Good for Andrew Luck, who doesn’t owe anyone a damn thing

By retiring on his own terms, Andrew Luck has solidified a unique legacy that serves as a blueprint for future athletes.

Let’s not mince words: Andrew Luck doesn’t owe anybody a damn thing.

His abrupt retirement at just 29-years old has a certain amount of shock value which makes it hard to stomach. Here’s a guy who seemingly had everything we’ve been led to believe is a mark of success. He’s a millionaire with a job exclusively held by only 31 other human beings on the planet and was prophecised to be among football gods when his career was over. Teams ‘Sucked For Luck’ in order to get a chance to draft him, his jersey was a top seller, he led dramatic playoff comebacks and sold millions of dollars worth of tickets and merchandise. Crowds roared for him, a prepackaged tailor-made Football Star.

Football Stars, as we’ve become more and more aware, wither and die. No matter how mammoth their name is, no one is bigger than the hand that feeds.
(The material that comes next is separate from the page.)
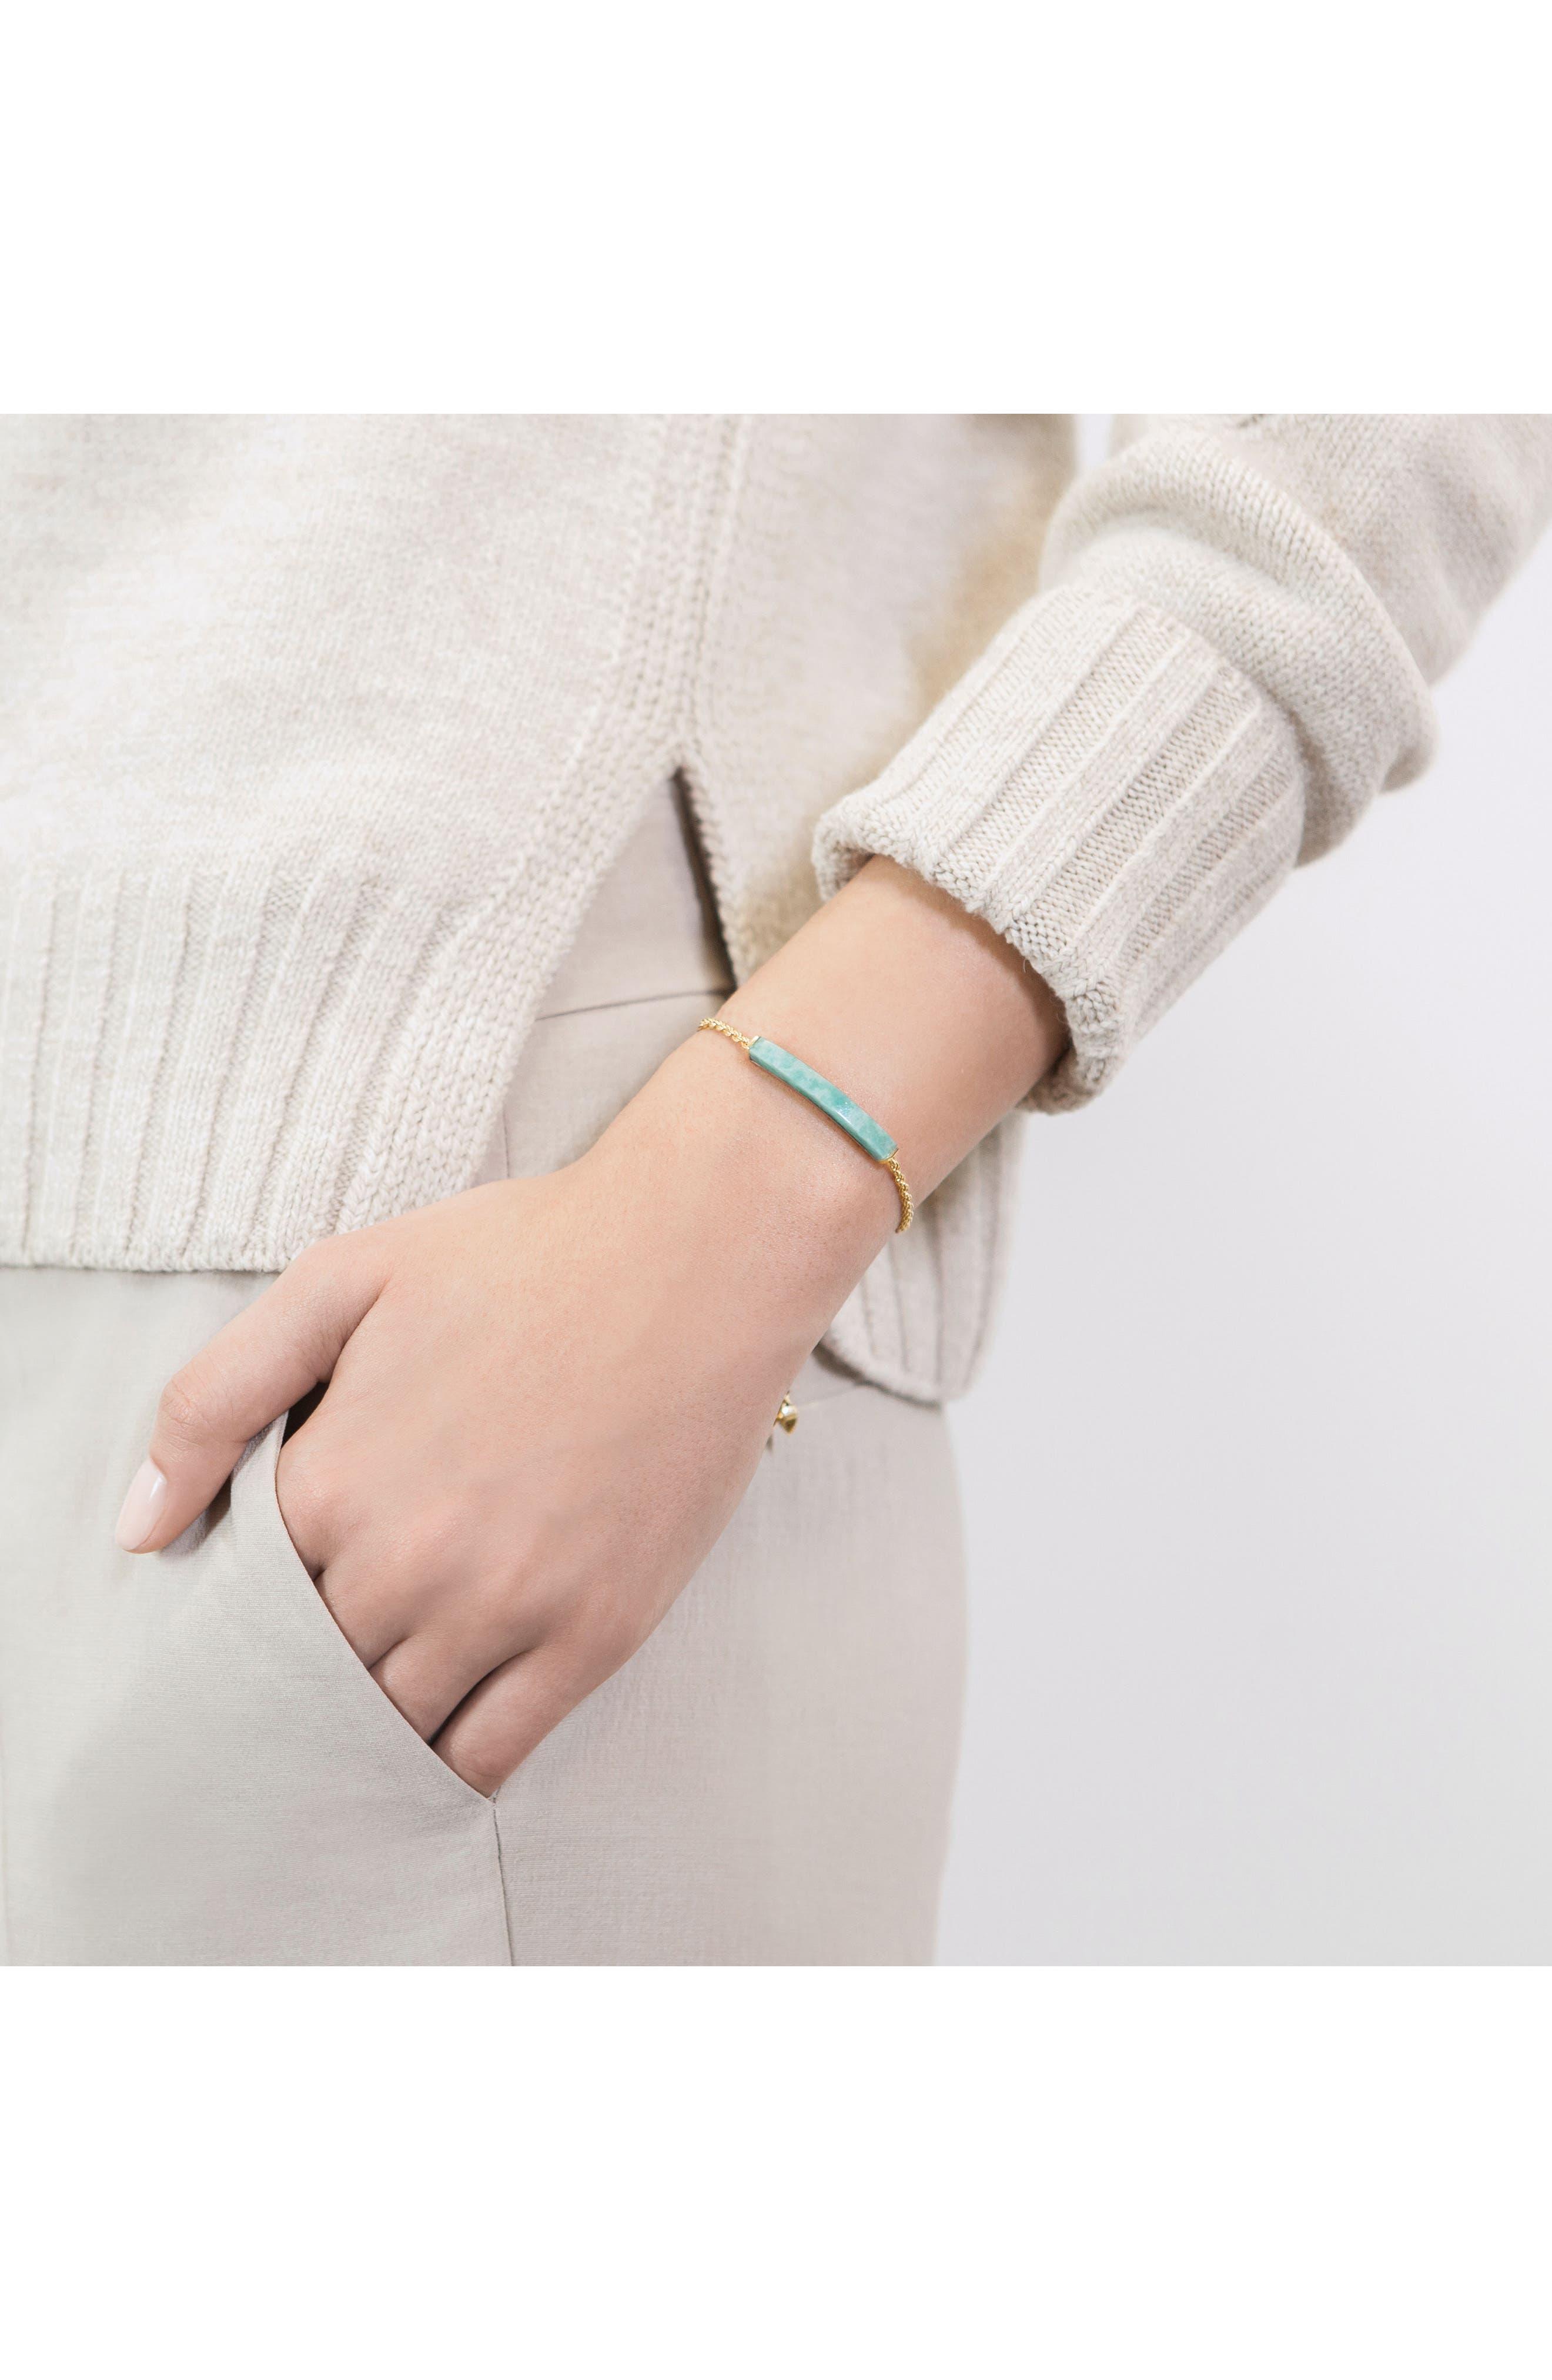 Linear Semiprecious Stone Friendship Bracelet,                             Alternate thumbnail 2, color,                             GOLD/ AMAZONITE
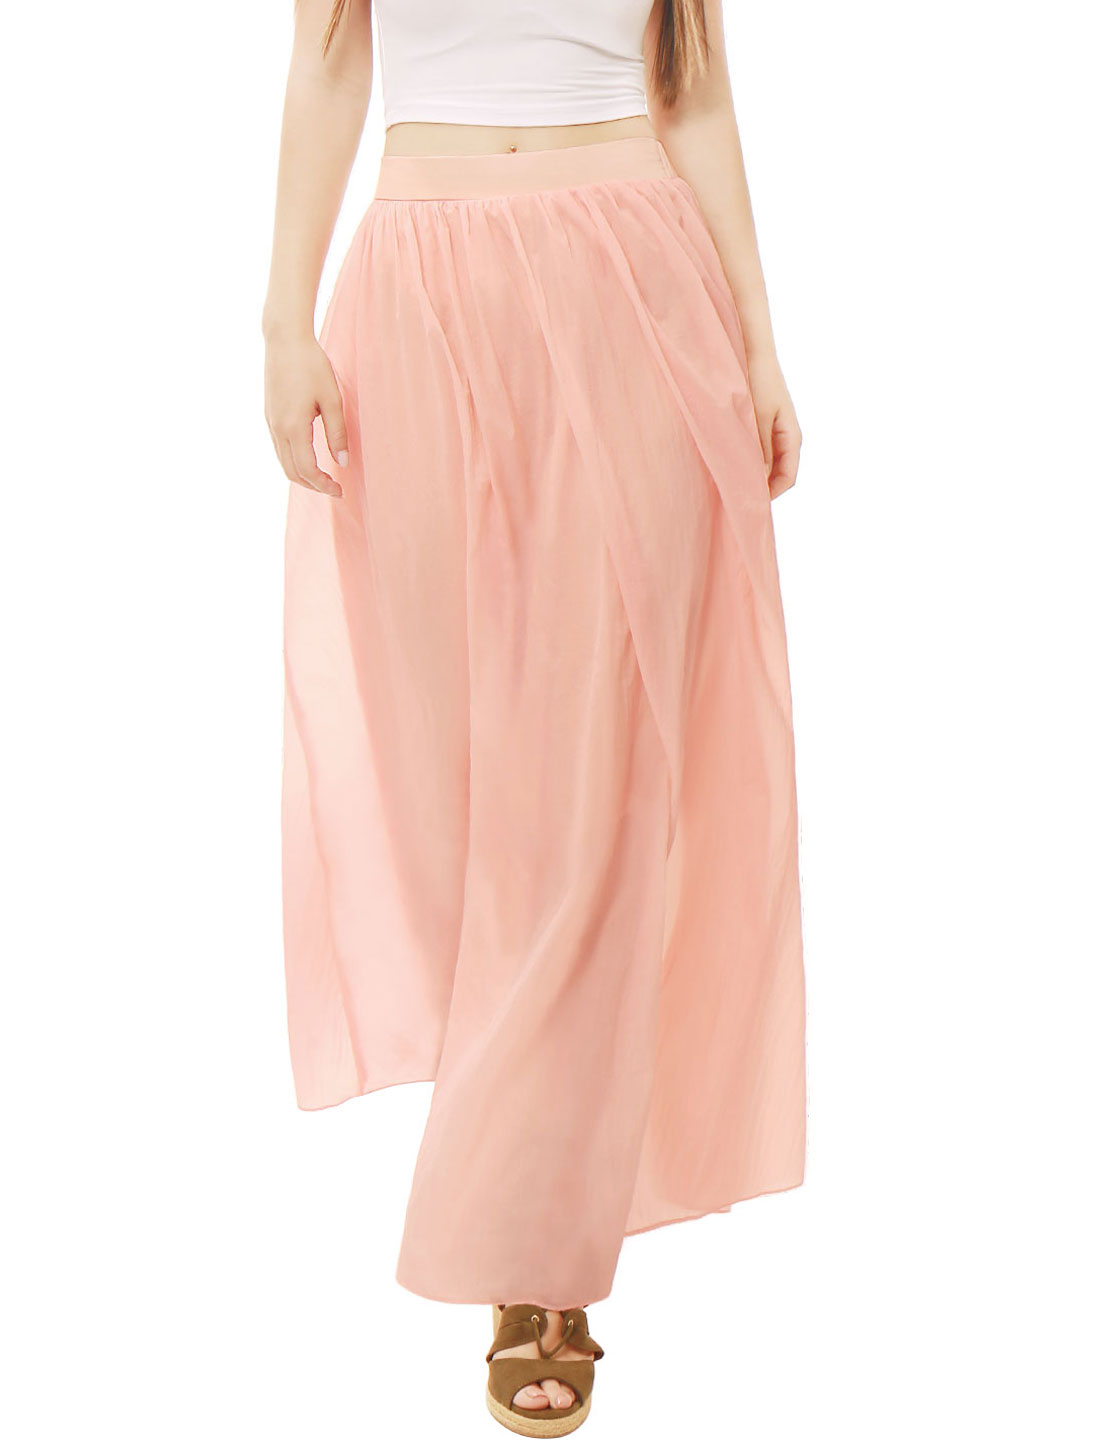 Women Pleated Elastic Waist Flowy Boho Maxi Skirt Pink S

Luck retiring is an unprecedented victory in the age of player empowerment. It’s all about him in the most selfishly unselfish way possible. He’s prioritizing his health — both mental and physical — in ways we should be admiring, not admonishing. This is self-preservation at its finest, for the sake of himself and his family. Luck did what every knuckle-dragging keyboard warrior calling him out for retiring early dreams of doing: Walking out on your boss before they can walk out on you.

He escaped.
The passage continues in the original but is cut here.